Omit pictures and quote the listing below line by line, from its start through the line that holds "Nightmare before Christmas loungefly pins.".

Start of Source material

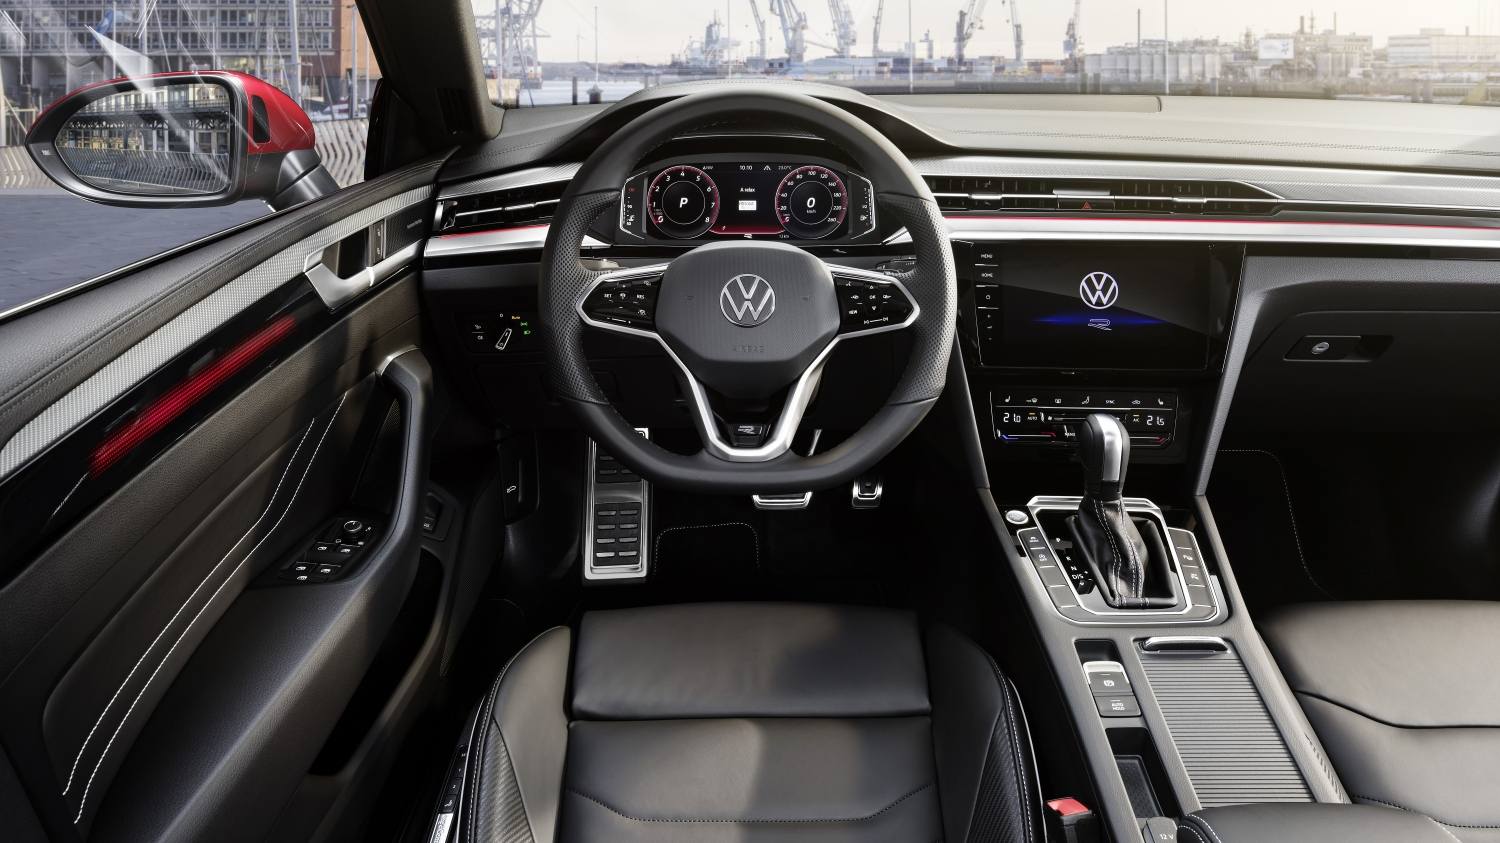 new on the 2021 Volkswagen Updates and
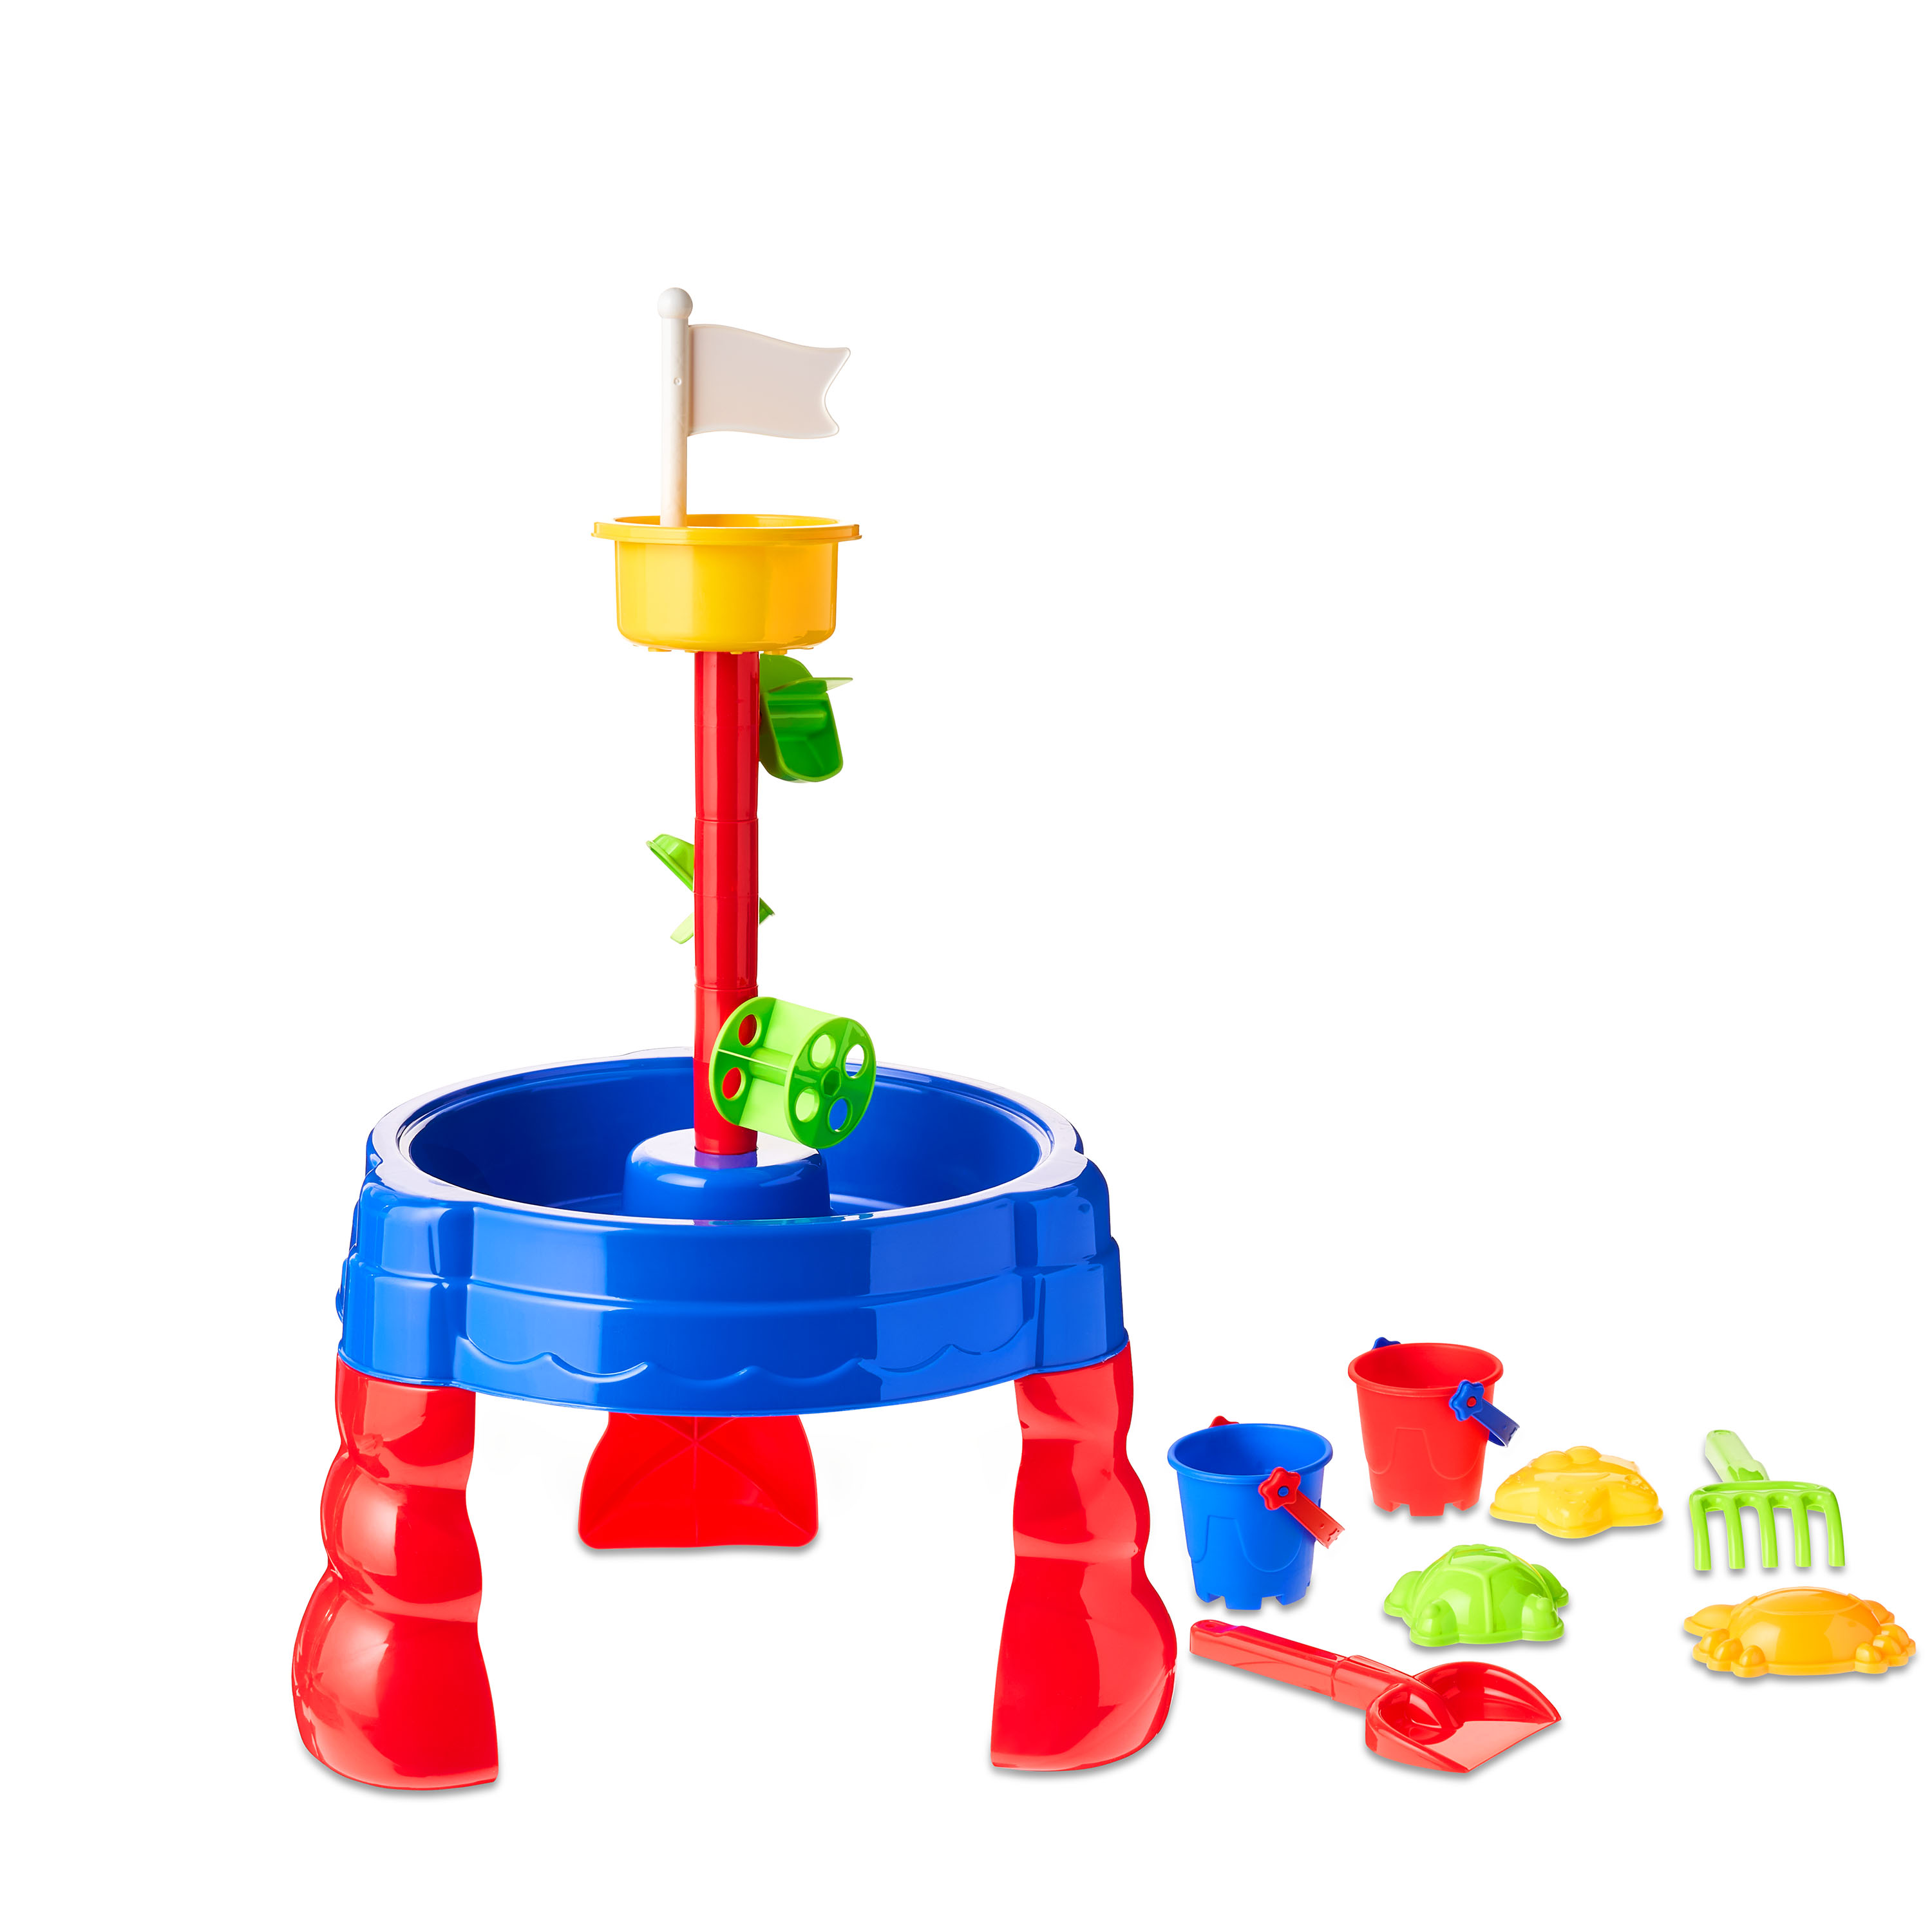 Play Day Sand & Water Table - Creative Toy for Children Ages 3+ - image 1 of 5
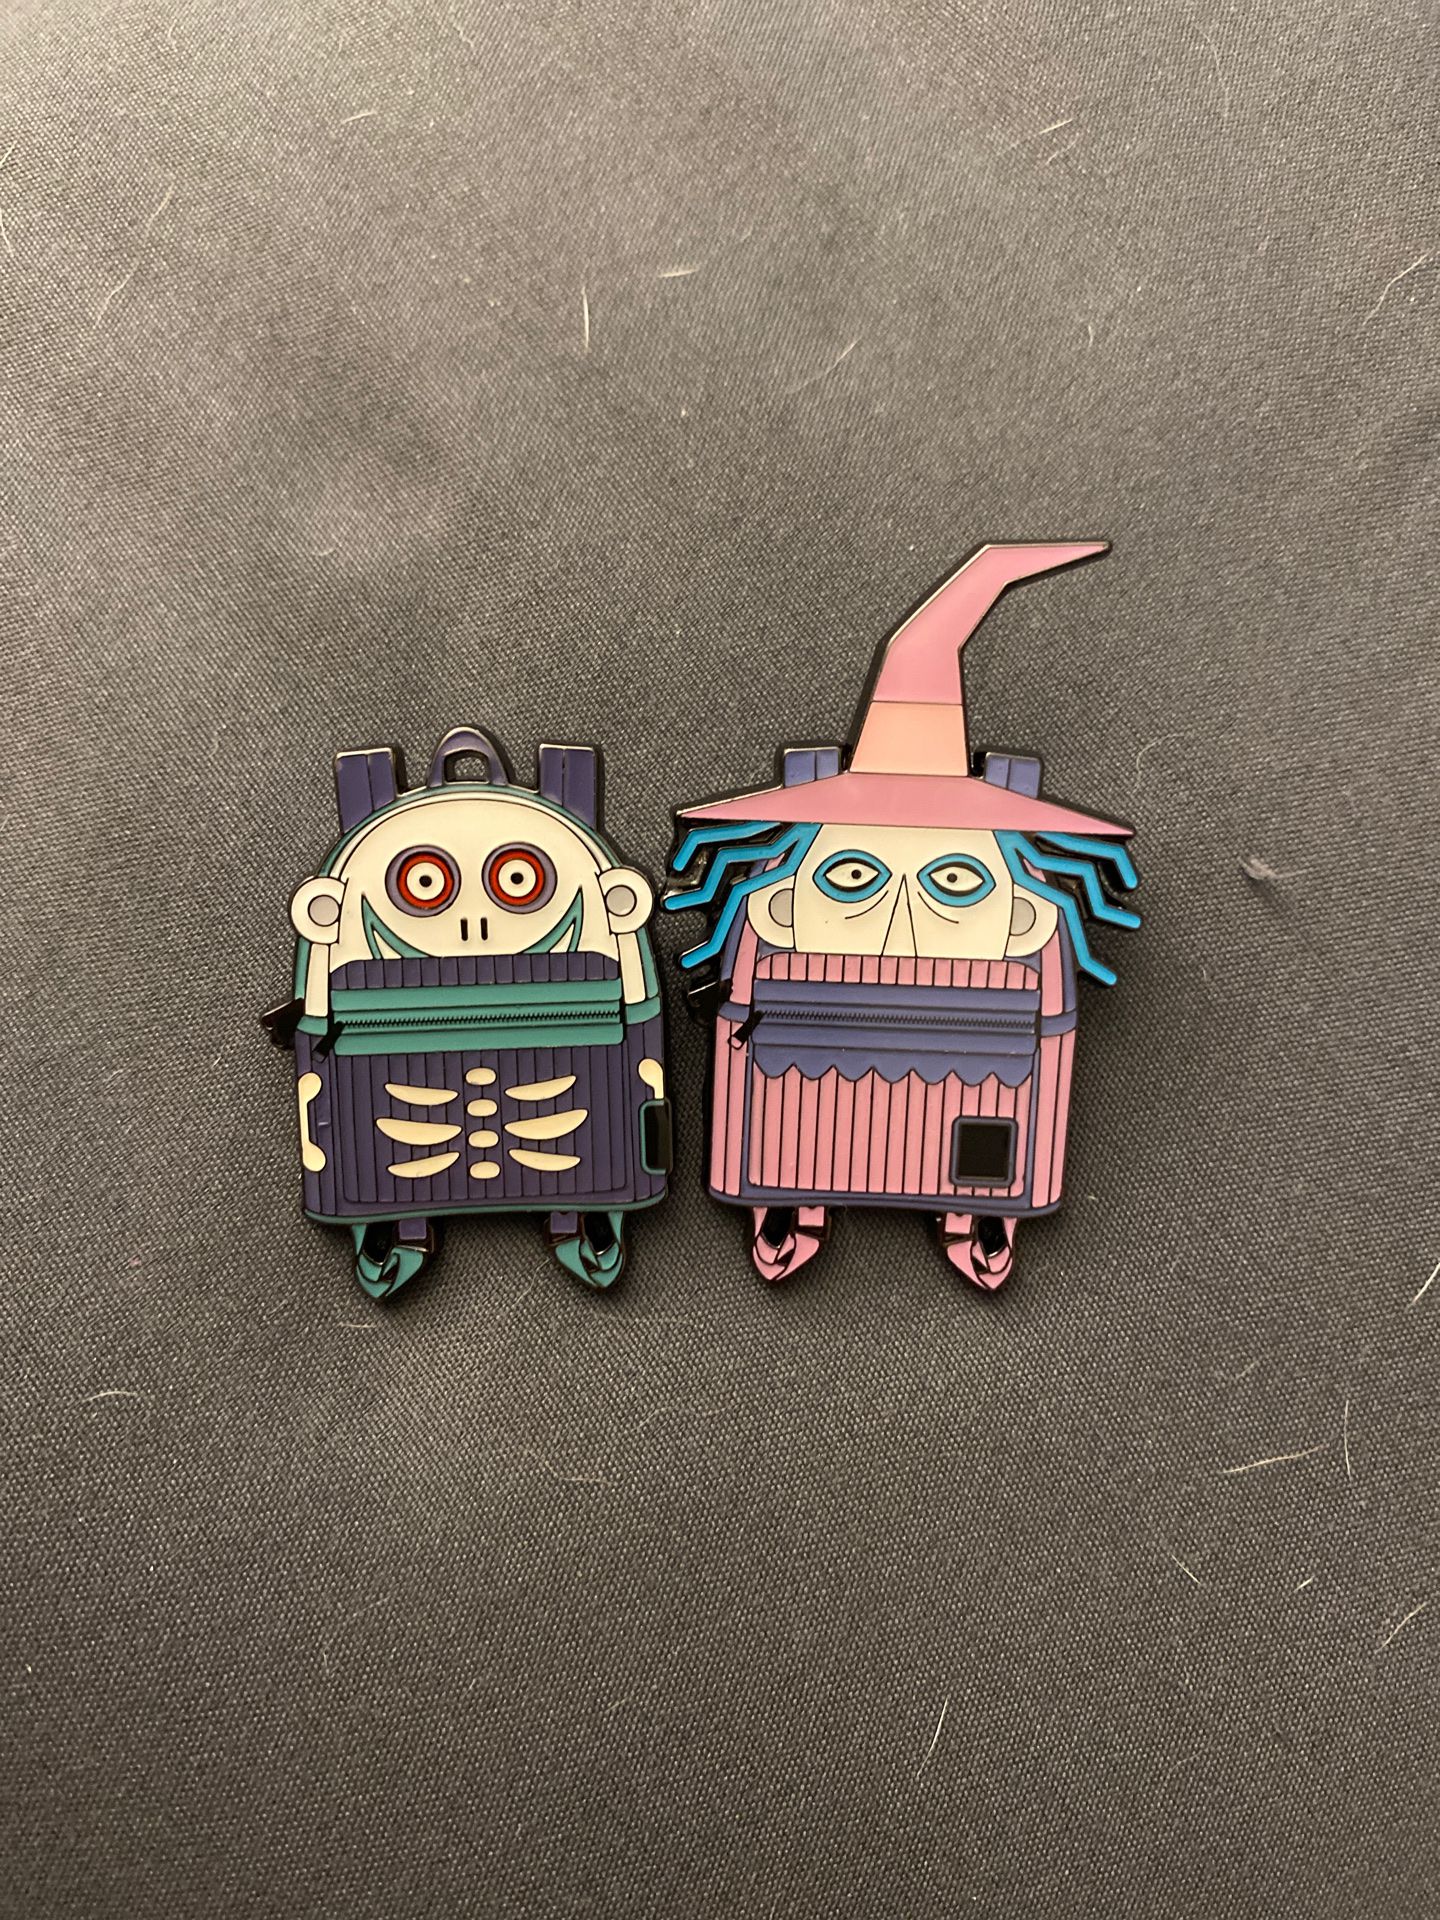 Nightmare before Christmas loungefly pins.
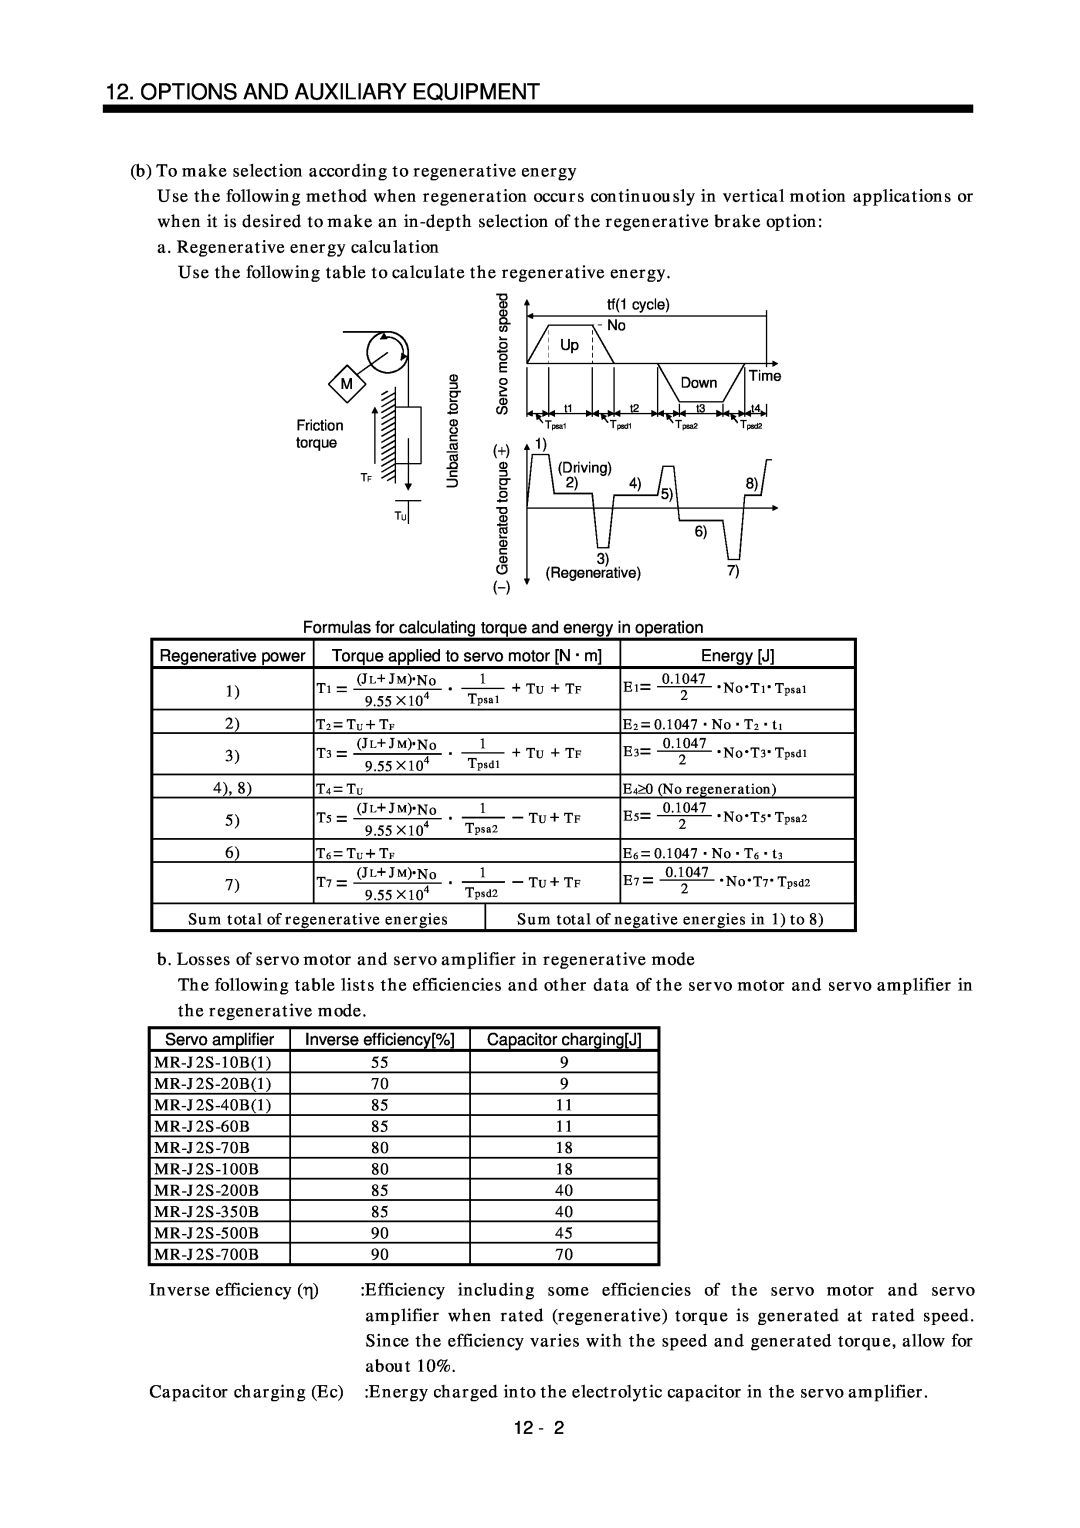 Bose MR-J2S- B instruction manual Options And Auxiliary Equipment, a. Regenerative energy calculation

End of Source material

§ Worked solution
 new on the 2021 Volkswagen Updates and
 Play Day Sand & Water Table - Creative Toy for Children Ages 3+ - image 1 of 5
 Nightmare before Christmas loungefly pins.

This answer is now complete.